For the circuit in this video, the resistor is one of three components, connected between the diode and the voltage source. The resistor is connected to the positive voltage supply. We did some circuit analysis and algebra, and came up with an equation of a line involving the resistor. When that line is plotted, it turns out it doesn't go through the origin, and it ends up with a negative slope. This is just what comes out of the circuit analysis algebra. It happens when a resistor has its top end connected to a positive supply voltage. That resistor connection turns out to be quite common in electronics. A resistor in this position is sometimes referred to as a load resistor and the resulting straight-line negative-slope plot has the nickname load line. [The term "load* isn't restricted to just this position for a resistor. It comes up in other contexts, too.]
You might want to check out the nearby article for another form of the same explanation: https://www.khanacademy.org/science/electrical-engineering/ee-semiconductor-devices/ee-diode/a/ee-diode-circuit-element(8 votes)

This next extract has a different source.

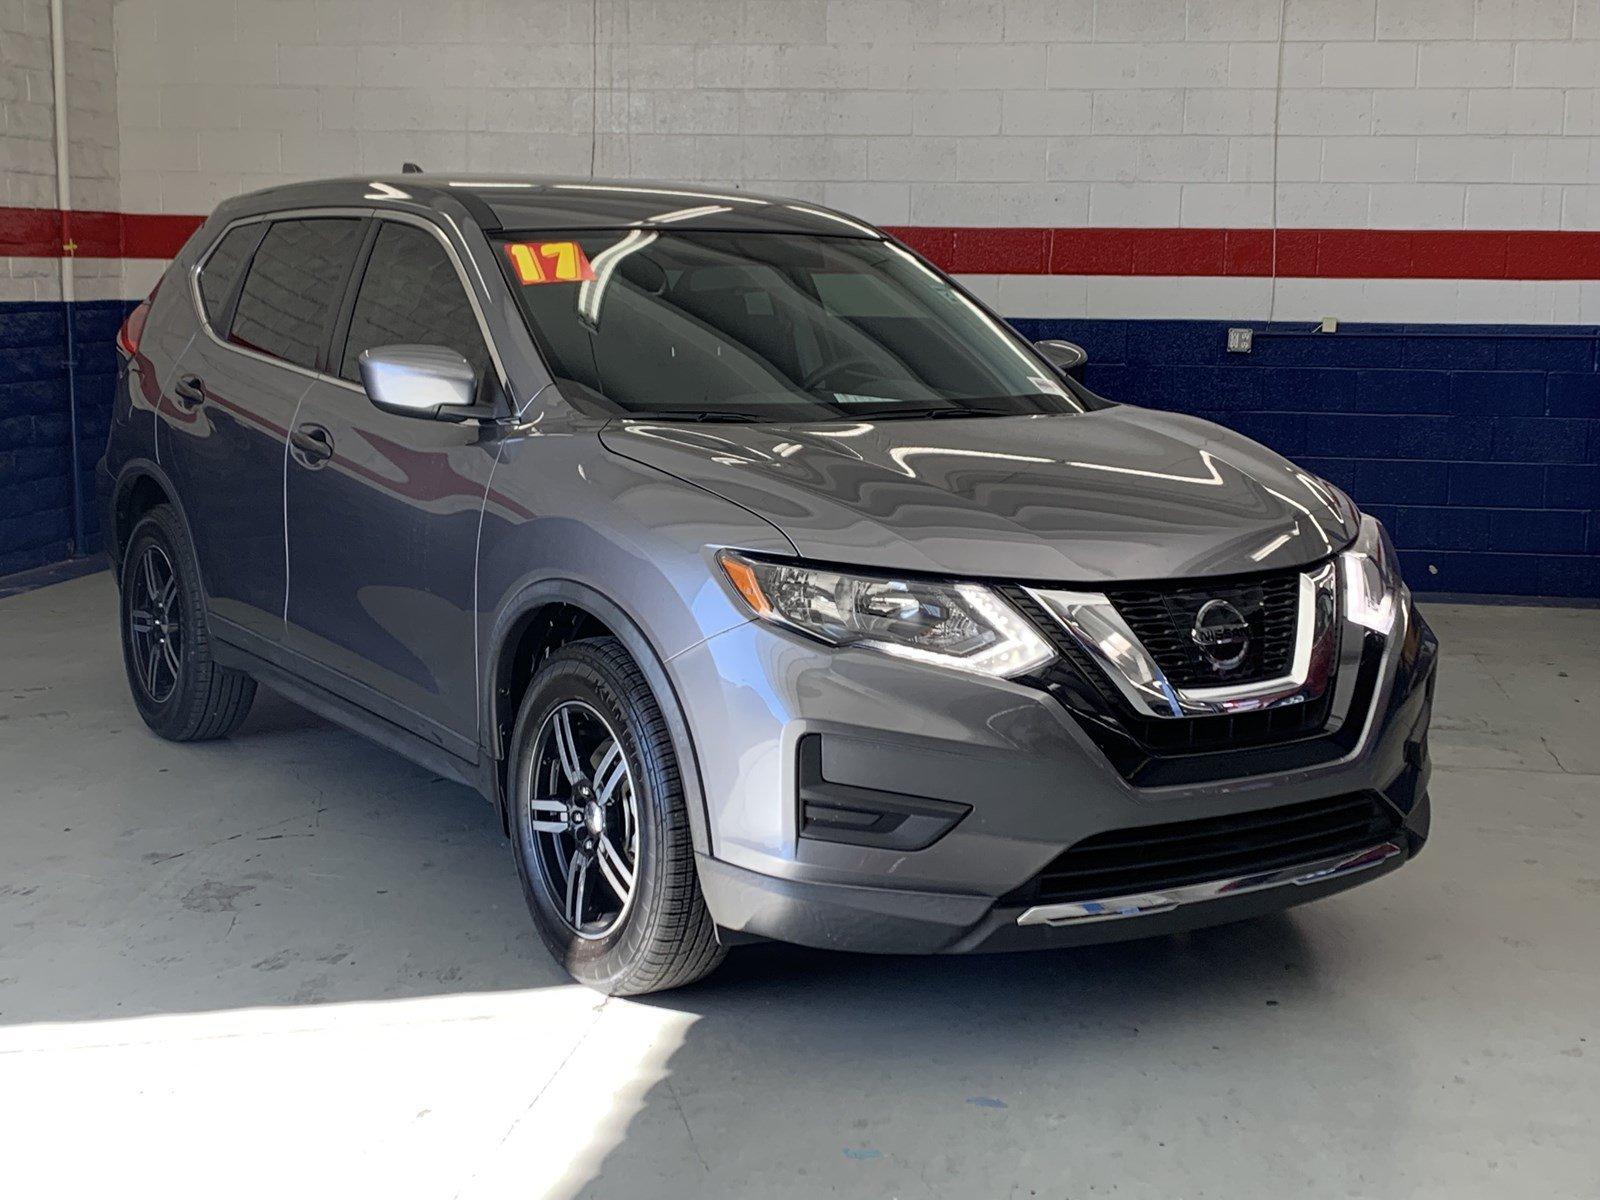 2017 Nissan Rogue S in Las Vegas, NV

My question could be silly. How is 3/330 is 9 mA?(2 votes)- 3/330 = 0.0090909... If we round this it becomes 0.009.
"m" is "milli-" the numerical prefix that stands for 10^-3.

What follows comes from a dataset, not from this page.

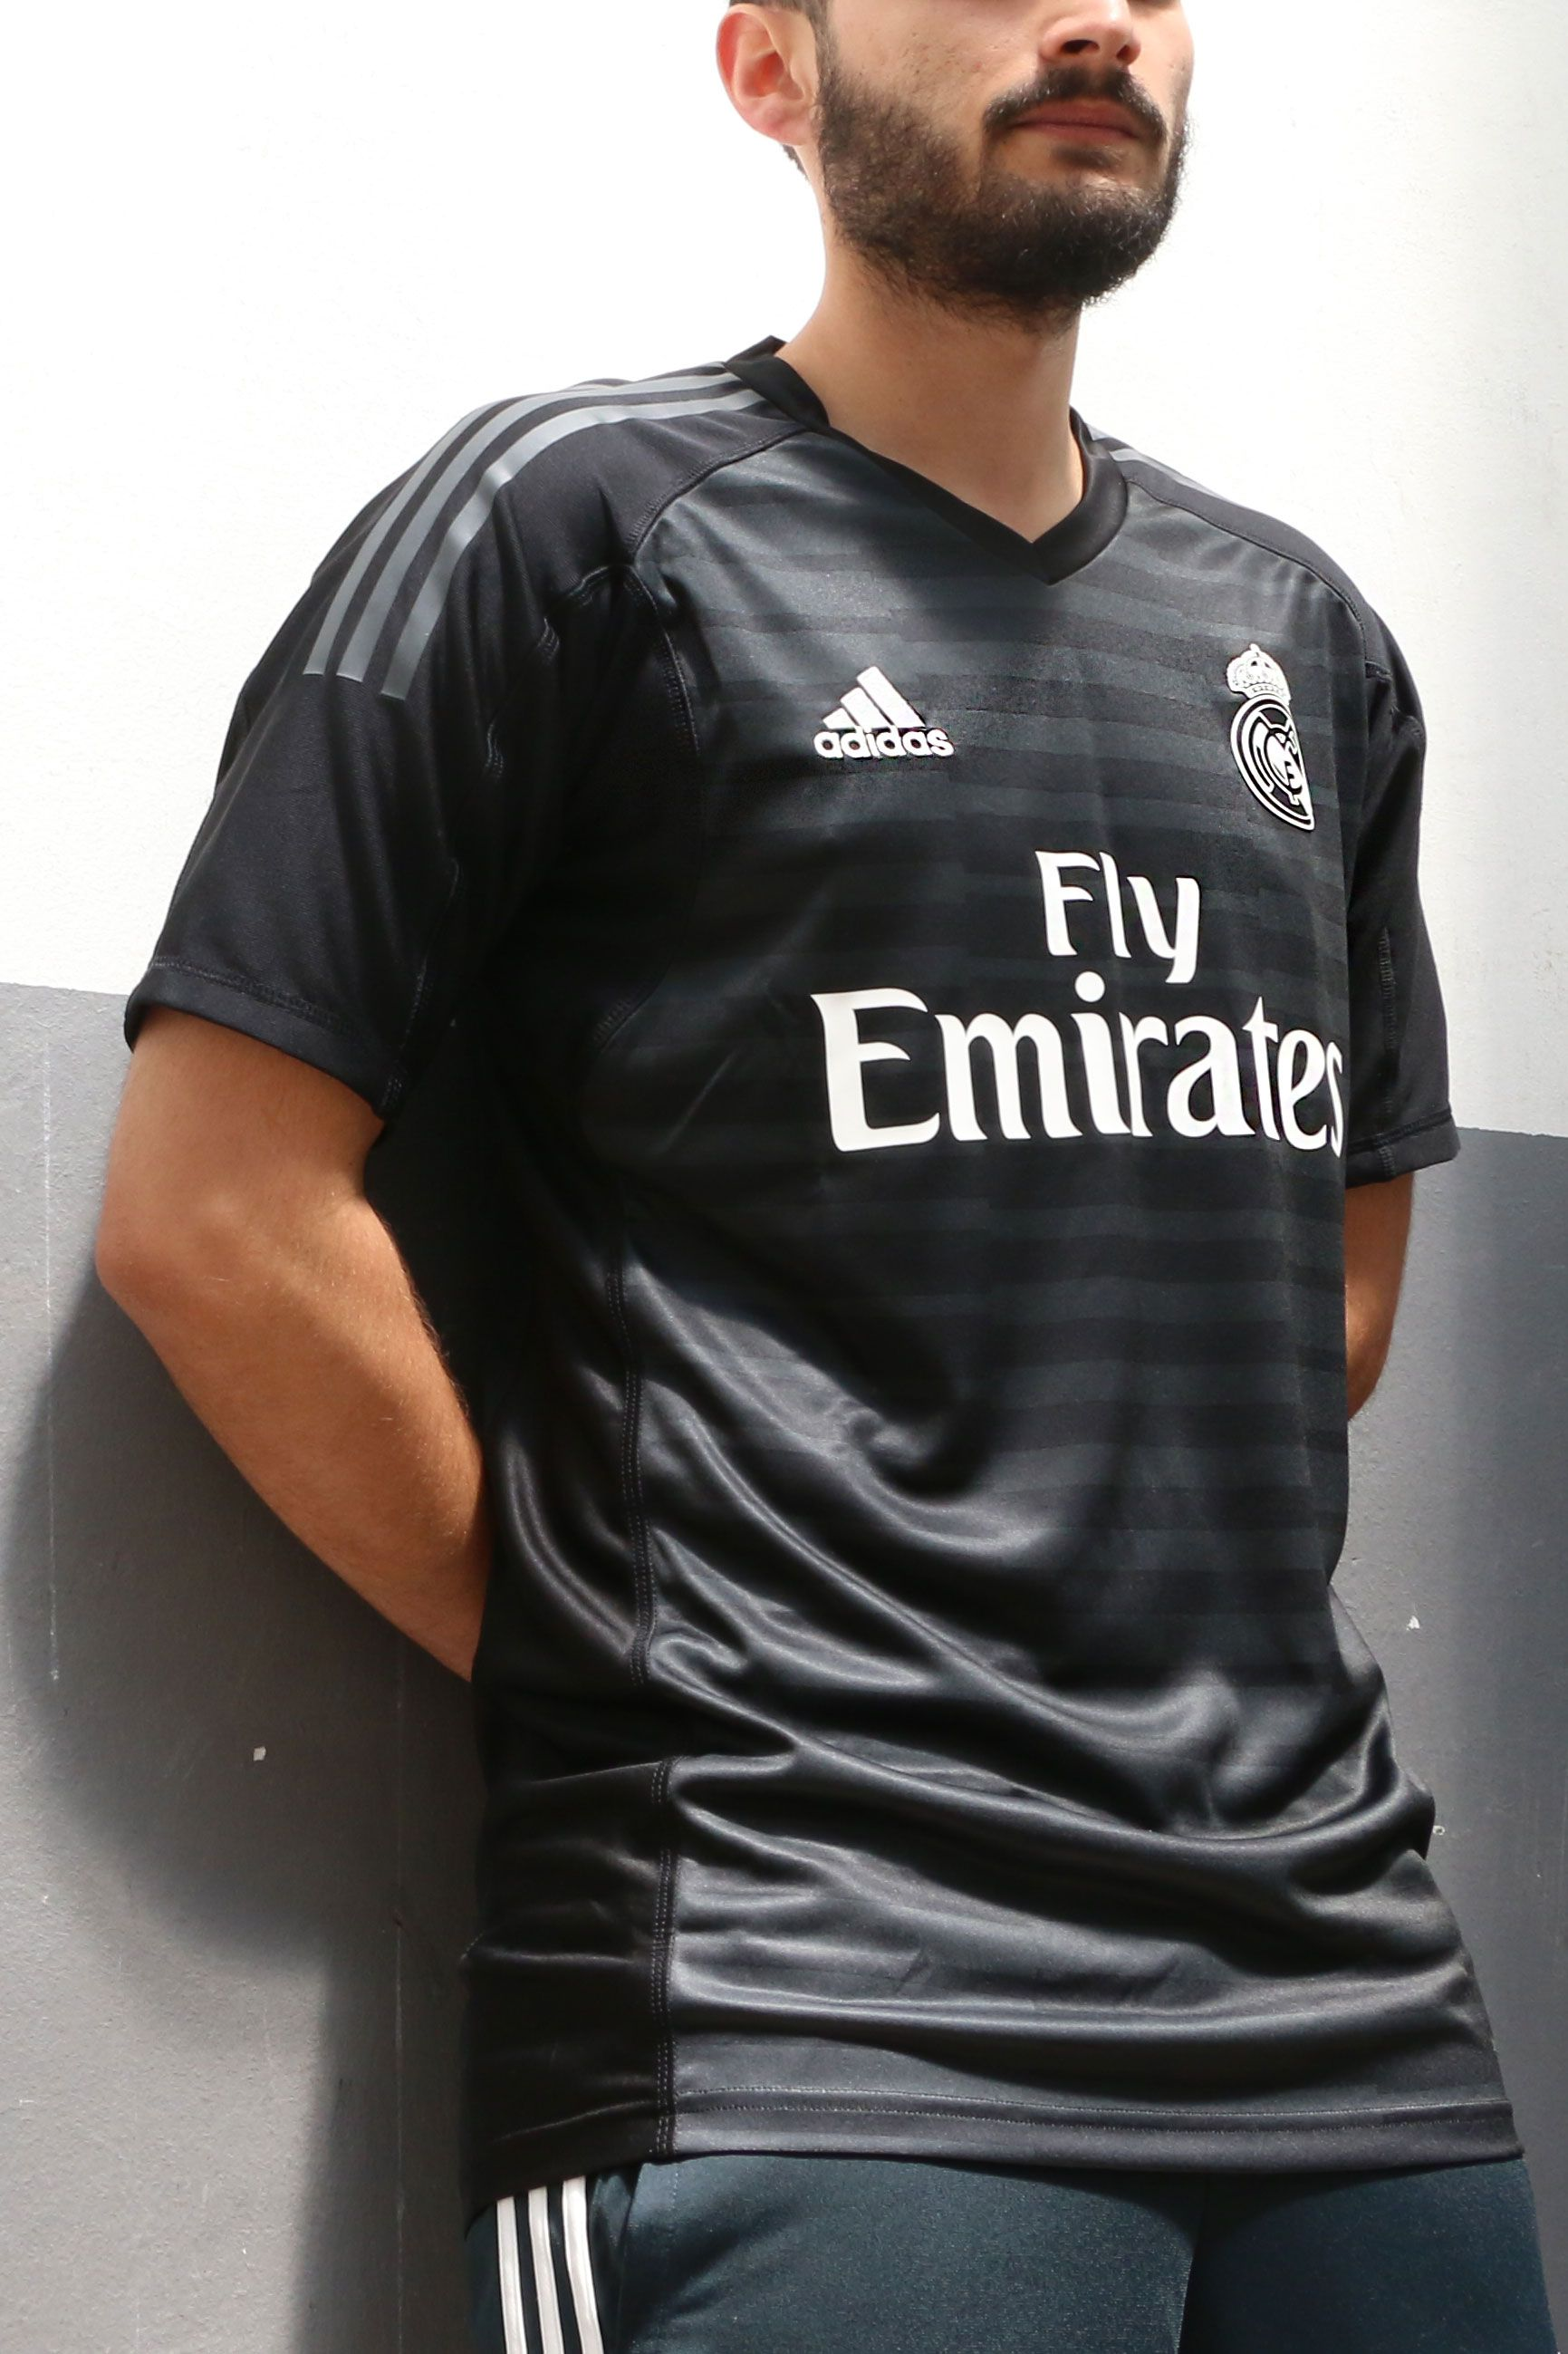 fb69158118db0 Camiseta de portero Real Madrid 2018 - 2019 - negra

0.009 in scientific notation is 9 x 10^-3, which can be written as 3mA. (The A stands for ampere.)(8 votes)
Sorry I am a bit confused about the direction of the current. I thought that current could only flow in the forward direction, but in the video why is it that we can calculate it in the reverse direction of the diode?(3 votes)
The orange arrow actually not referring to the current direction, it refers to the voltage across 'x'. X in the video is Vd & Vr, or voltage across the diode & voltage across the resistor.
You may solve the circuit regardless of where we start (to calculate), as long as it covers the whole (circuit) loop.
Hope that helps.(3 votes)
How can we have voltage but have no current? I'm confused.(1 vote)- IHMO,
My (personal) analogy :
Voltage = existence of "pressure",
Current = existence of "flow"
A flow will need a path, while pressure doesn't need one. Thus, It is ok to have voltage without current.
I hope this helps. :)
p/s : In reality there is no such thing as absolute zero current or absolute zero voltage at any point. If there is a charge, there will be potential difference(or voltage or Electric field). If the charges moves, then it is a current flows. take V = IR, or R = V/I .
Since the resistance, R rarely is 0 Ω [ V = 0 V ] or ∞ Ω [ I = 0 A ], so does V or I are rarely 0. It depends on which scale are we looking at. If in high power transmission, 6.8mA can be negligible in the calculations, but not in the nanoworld, where 6.8 mA means a swarm of 4.24 × 10^16 electrons per second. which is very significant in any chip design. :)(4 votes)
- Is it true that whenever you have the current going in the proper direction through the diode you can usually safely assume that V_D always equals 0.7 V? And then you solve the rest of the circuit after putting that in for the V_D drop? (As long as it's known that there is more than 0.7 V supplied to it?)(2 votes)
- Why the forward drop of a diode is not the quiescent voltage ( The operating voltage across a diode) but a constant 0.7 Volts?(1 vote)
- The diode operates according to its i-v equation. That equation is plotted at2:00. The curve has an exponential shape, so the voltage isn't actually constant as the current goes up.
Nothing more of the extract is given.